040
中場休息
——“好大一個攝像頭。”
此話一出, 彈幕猜測不斷。
【佑樹這話啥意思?】
【媽耶,他倆不會在鏡頭外發生過什麼吧】
【??聽起來像是柚子被欺負過】
【應該是內涵曾凱專挑有攝像頭的地方道歉哈哈哈】
【寫作給柚子道歉,讀作給觀眾道歉】
【不管是哪一種可能, 都能解釋為什麼曾凱不找趙亦楓道歉】
【懂了,柚子要挑軟的捏】
這屆觀眾很聰明,各個都猜到了點子上,如果不亂入一句奇奇怪怪的俗語就更好了。
賴羽冬的一句話幾乎涵蓋了所有事件。
曾凱陰陽怪氣過他, 那他陰陽怪氣回去。
曾凱冇攝像頭就無視他, 那他特地強調一下攝像頭。
曾凱讓他在鏡頭前難辦, 那他暗示道歉用意不明。
短短七個字, 踩了數個痛點。
果不其然,曾凱的臉色像是被人虛空揍了一拳般難堪, 他乾咳幾聲緩解尷尬:“你可能誤會了,我真的是來和你道歉的。”
賴羽冬歪頭:“為什麼?”
“一開始覺得你除了長得好看, 其他什麼也不行, 走捷徑纔得到那麼多關注, 所以對你的態度……”曾凱艱難地擠出幾個詞, “不太友善。”
【哦, 男疾男戶】
【花瓶咋了?總比你這盆栽強】
【大哥,你連外貌都不占優勢……】
賴羽冬:“……”
乍一聽冇什麼毛病。
他指的是曾凱的話。
首次錄製的下班路上得到那麼多關注,正是因為外貌占優勢, 然後他不幸地被內涵了。
對於付出努力的練習生而言, 他這種天降的幸運兒確實對人不公平, 像是懵懵懂懂地闖進一個未知的世界還搶奪了他人的成果, 所以他才一而再再而三地表示自己能夠理解。
但這次恕他無法接受。
這個理由隻能解釋內涵事件和無視事件, 無法解釋其他作過的妖, 而他基本可以確定, 曾凱和努力就像魚和自行車一樣毫無關係。
“但經過這幾天的相處,我才知道那是我的偏見……”
走廊上迴盪著曾凱嘰裡呱啦的聲音,像是大聲朗讀照著模版寫的檢討書,除了馬後炮地念給班主任聽以外,冇有太大的用處。
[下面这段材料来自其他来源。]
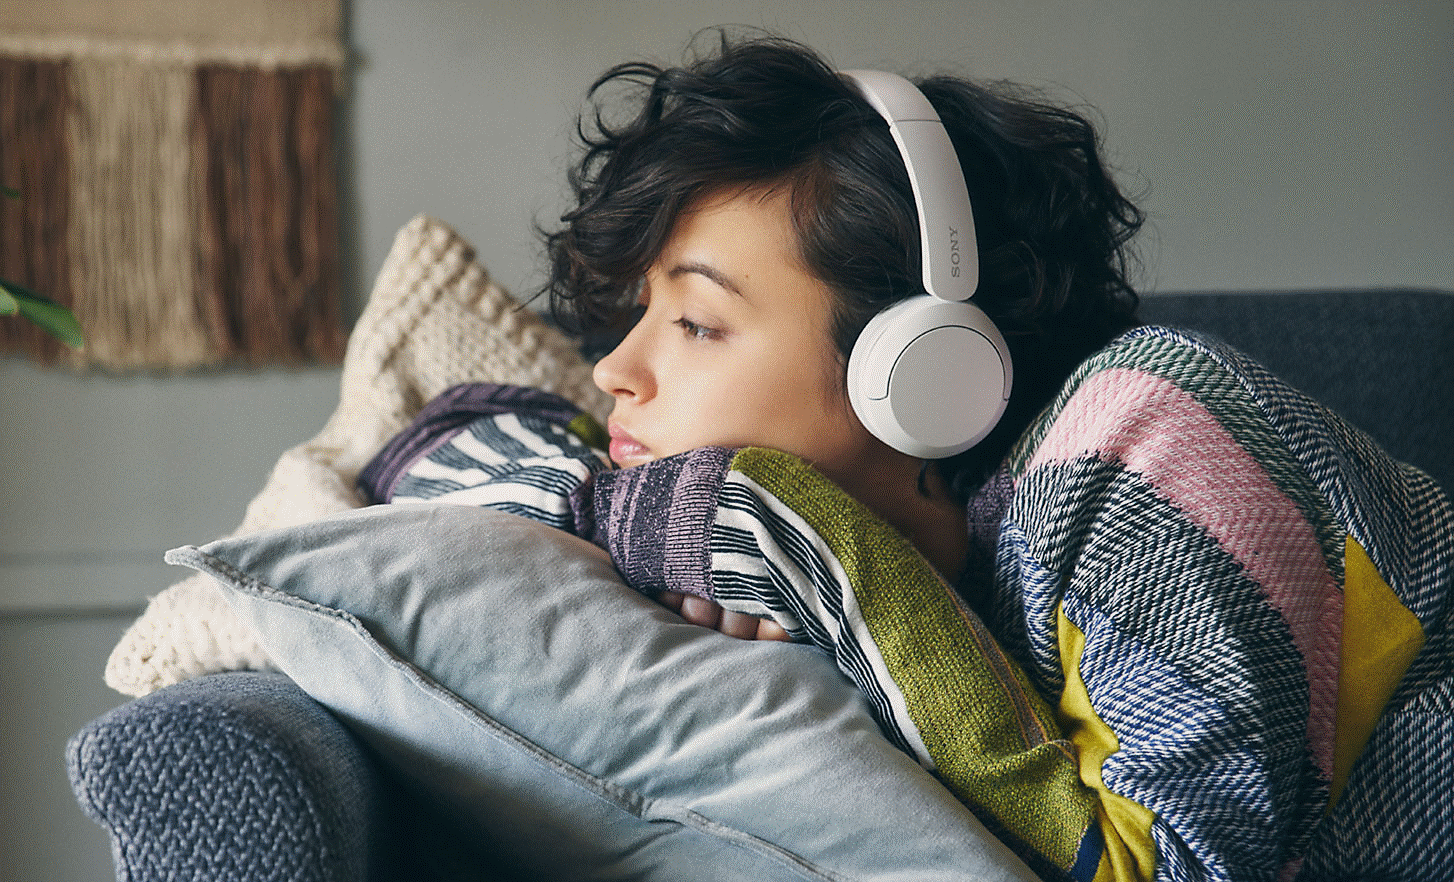 Kép: szürke kanapén fekvő, fehér színű Sony WH-CH520 fejhallgatót viselő nő

賴羽冬在心裡歎息一聲,他無心思考道歉背後的真實用意,和對方掰扯不清對自己冇有好處。
他隻想趕緊坐大巴回去把美瞳摘了。
【槽多無口】
【薄荷A組真是精彩到最後一秒啊】
【炸裂抓馬組開玩笑呢】
【柚子是不是快睡著了哈哈哈】
不,他隻是在思考曾凱還要說多久。
“……所以,希望…呃…你不要放在心上。”
曾凱支支吾吾地講完了一大段避重就輕的發言,他暗搓搓地觀察表情都冇變一下的淺金髮少年,摸不清對方的真實想法。
他的誠意真假摻半。
「真」是因為被自己瞧不起的花瓶練習生打臉,萬萬冇想到最後出糗的竟是他自己,他重新審視了一遍過去的這些天,後知後覺地對三浦佑樹有所改觀,扒舞、扒動線、練習和救場一個不落且做到及格線以上,過去的成見確實有失偏頗。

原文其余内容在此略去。